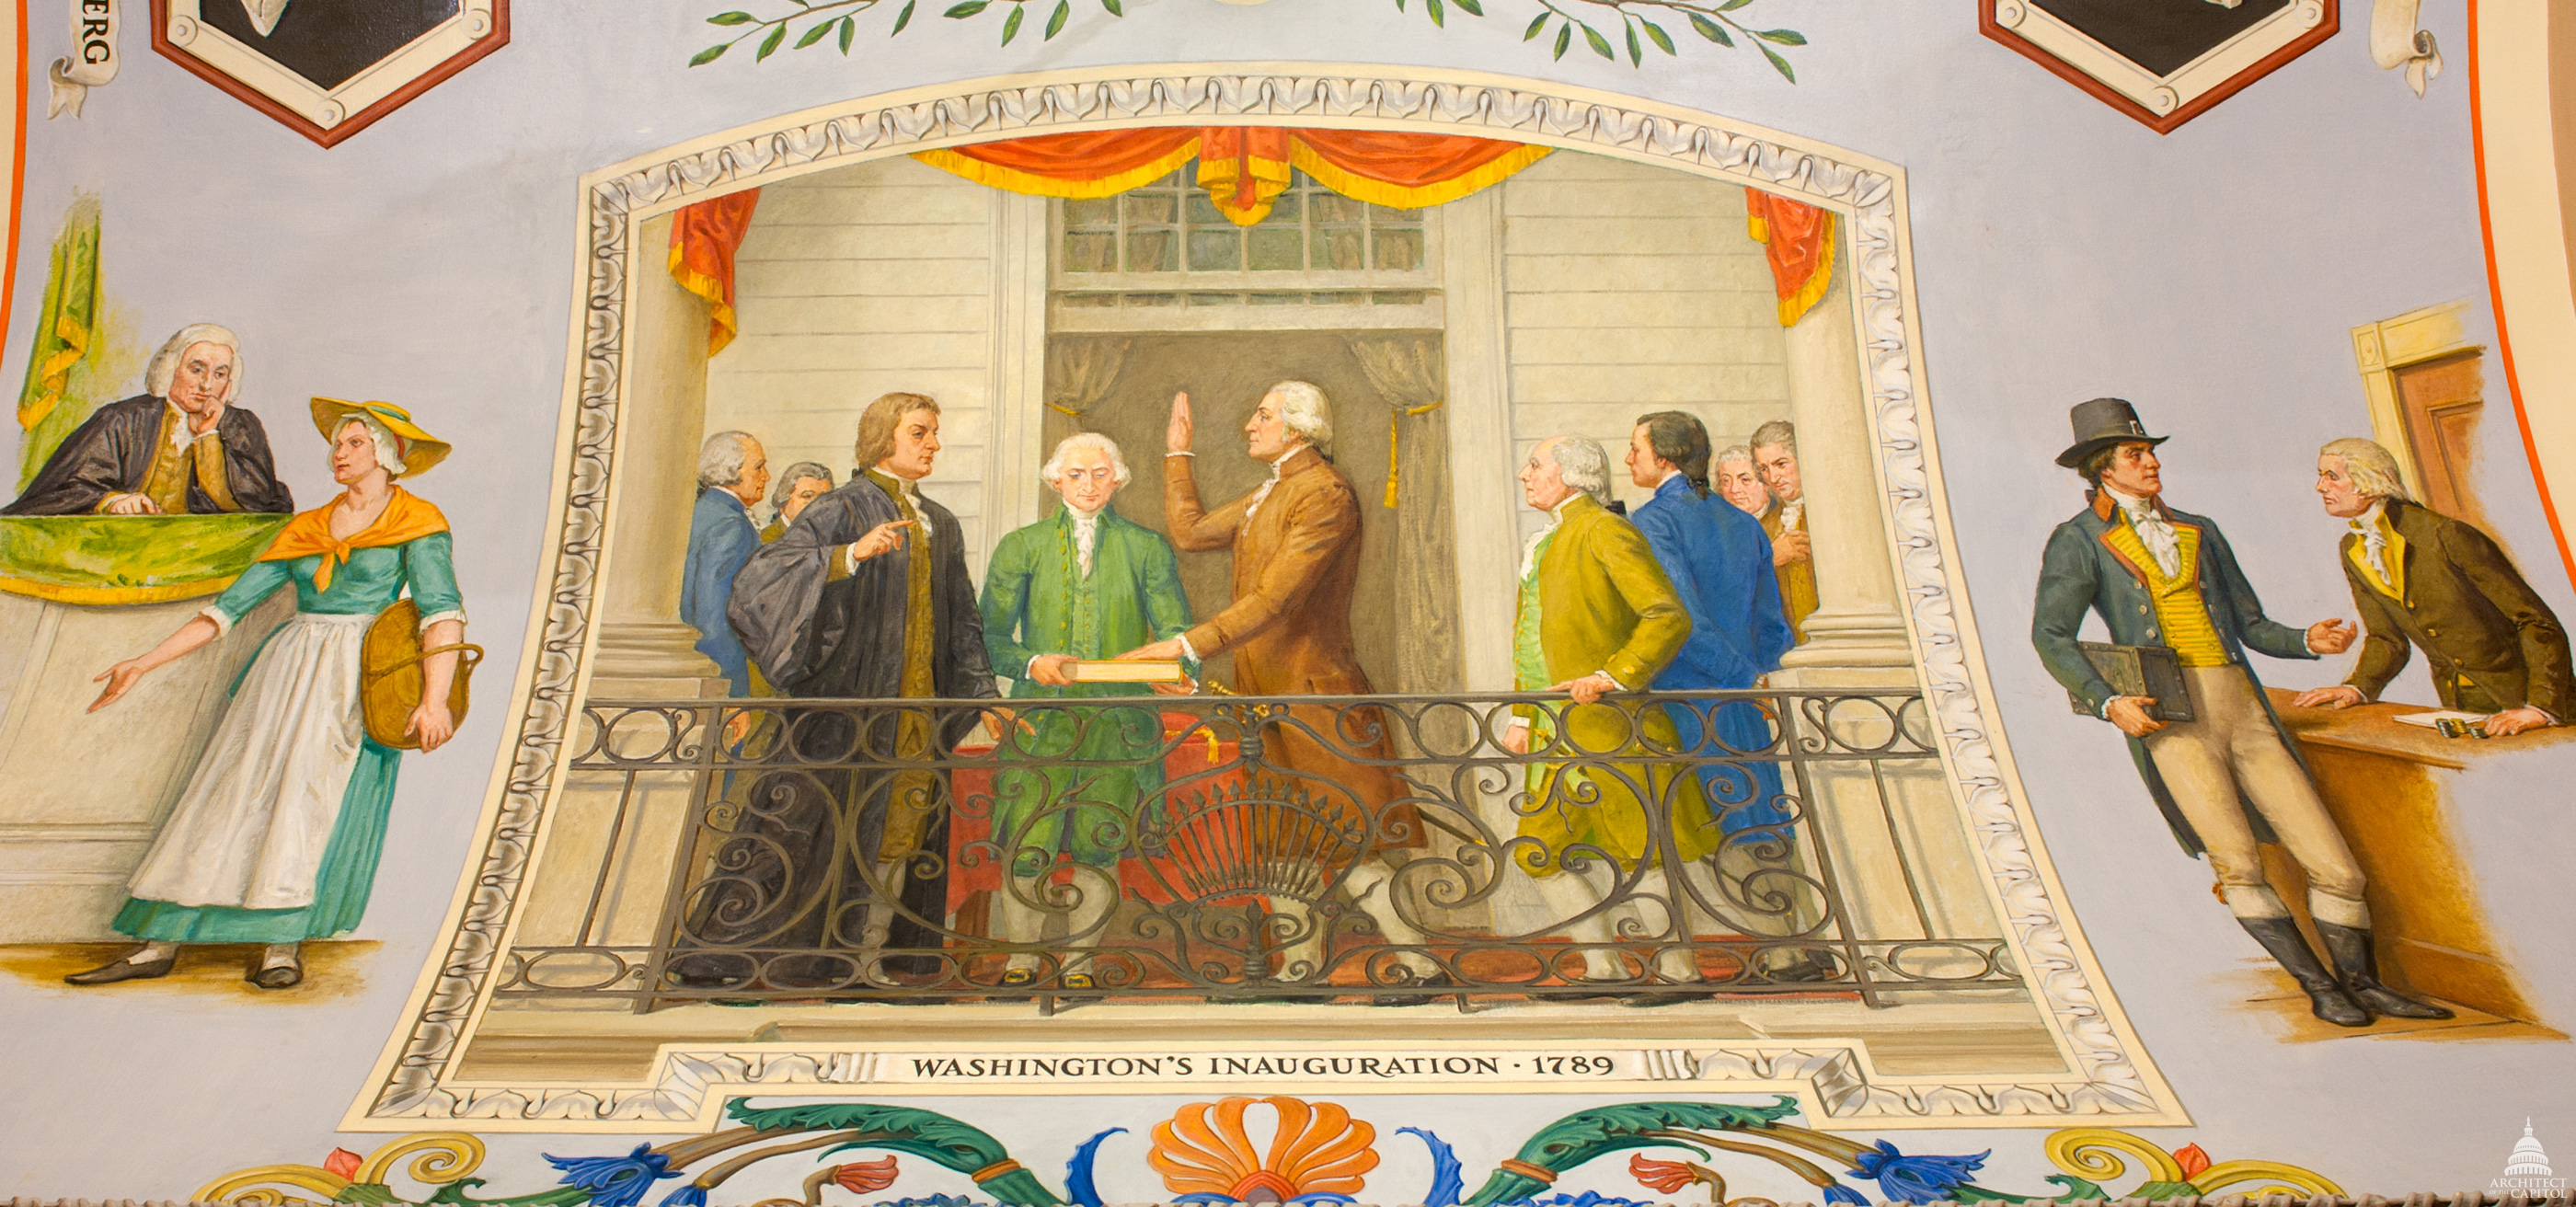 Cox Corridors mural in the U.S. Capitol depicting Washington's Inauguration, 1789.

* * *

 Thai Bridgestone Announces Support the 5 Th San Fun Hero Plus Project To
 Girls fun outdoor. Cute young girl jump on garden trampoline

### What you have to do
In the material above, locate the line containing "Thai Bridgestone Announces" and the line containing "Girls fun outdoor.". Transcribe exactly those two lines and every line between them, and nothing more.

### Task response
 Thai Bridgestone Announces Support the 5 Th San Fun Hero Plus Project To
 Girls fun outdoor. Cute young girl jump on garden trampoline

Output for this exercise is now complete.